Seriously though, when it comes to a possible connection between pesticides and autism, the research is equivocal, at least at the moment. There is quite a lot of opinion linking the rise in autism prevalence at least partially with things like pesticide use. There is, for example, some suggestion of susceptibility genes being geographically distributed in autism, with particular reference to the paraoxonase (PON) gene and its variants. Levels of paraoxonase (PON1), an enzyme involved in clearing certain pesticides, has for example, been examined in conjunction with certain pesticides and infant neurodevelopment. All this and data from environmental tracking programmes suggesting a possible association between autism and pesticide use makes for a feasible relationship at least in some cases.

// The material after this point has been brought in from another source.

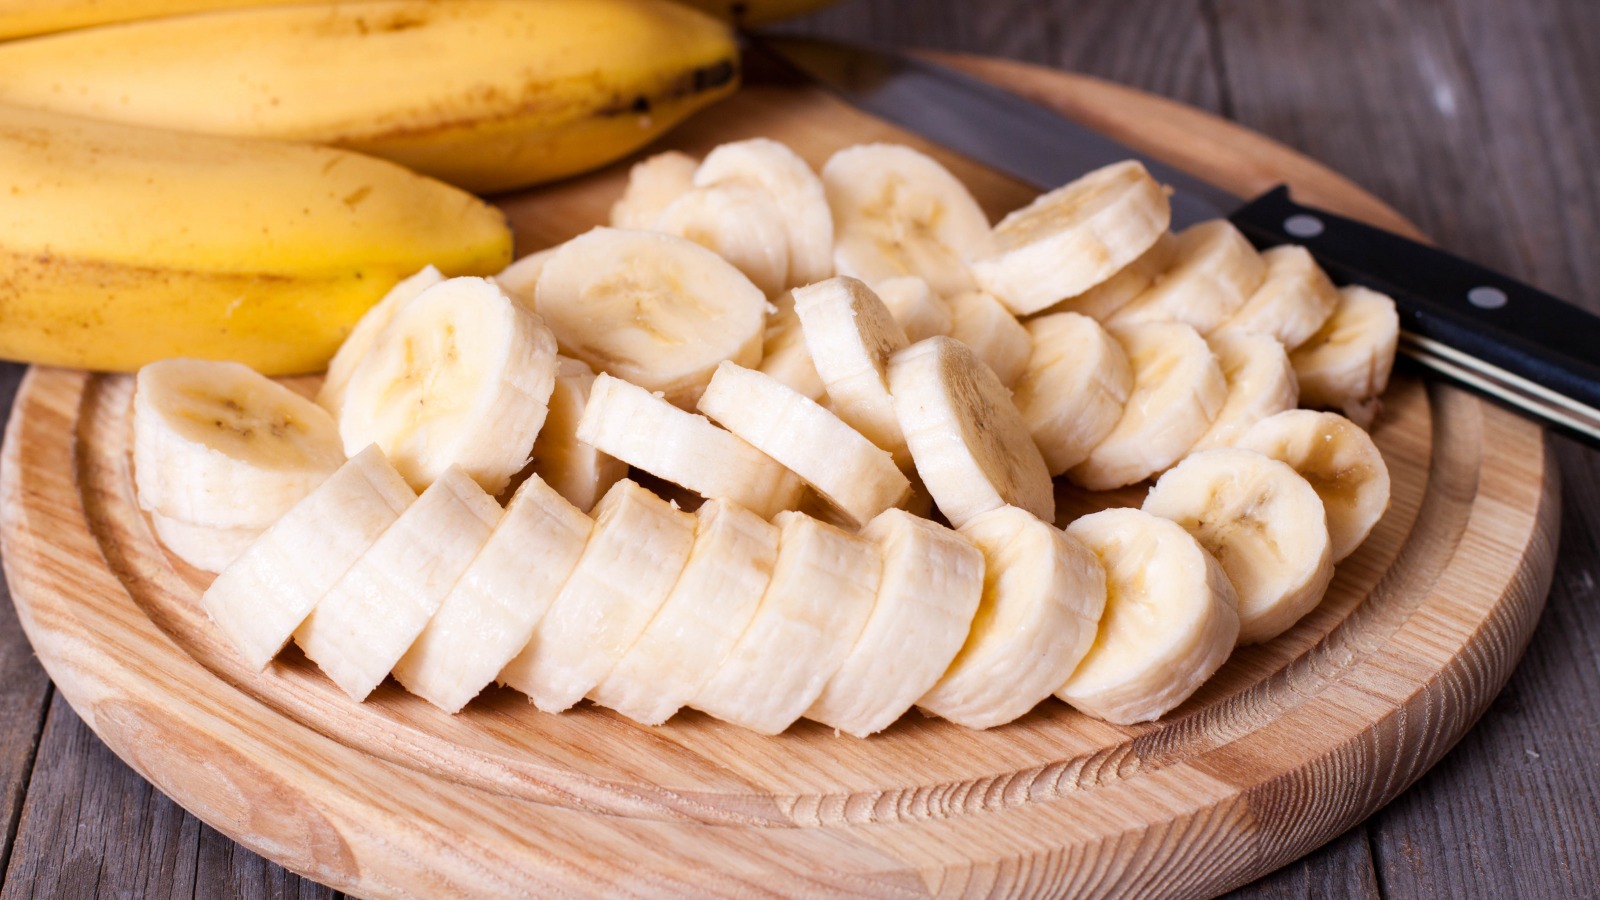 Healthy Banana Bread Recipes

The issues, however, with the research so far are these:
- Pesticides cover a range of different products - the chances are that you will have had some in your medicine cabinet at home at one point or another.
- Because of their extensive use over the years, pesticide residues are endemic to our environment (some taking years to break down) hence we are all pretty much involved in this chemical soup in our day-to-day lives.
- The fact that so many pesticides have been, and continue to be, used means that we don't have a lot of data on their potential combined, synergistic effects.
- Establishing a 'cause and effect' relationship outside of other factors potentially involved is problematic. Unless you have a direct exposure event, like during sheep dipping for example, it is easy to pose the question: what about the contribution of other (environmental) factors?
That is not to say there may not be a relationship between onset of developmental conditions, pesticide exposure and genes - indeed, the evidence does appear to be swaying towards such a notion. But as always, things are rarely so simple and straight-forward. Take for example one quite important, but perhaps peripheral area of inquiry, on the possible usefulness of compounds such as galantmine in autism.
Galantamine is an interesting compound normally used in the treatment of Alzheimer's disease. One of the proposed modes of action of galantamine is its inhibitory action on acetylcholinesterase activity; whereby it increases the amount of acetylcholine available. This is pretty much the same action that certain types of pesticides (particularly the organophosphate variety) are known to do with the exception that galantamine tends to be reversible in its inhibition and some of the OPs not so. Query: pesticides and galantamine might work on the same type of enzyme - why then is galantamine suggested to be a possible intervention option for autism (and not only just in one trial)?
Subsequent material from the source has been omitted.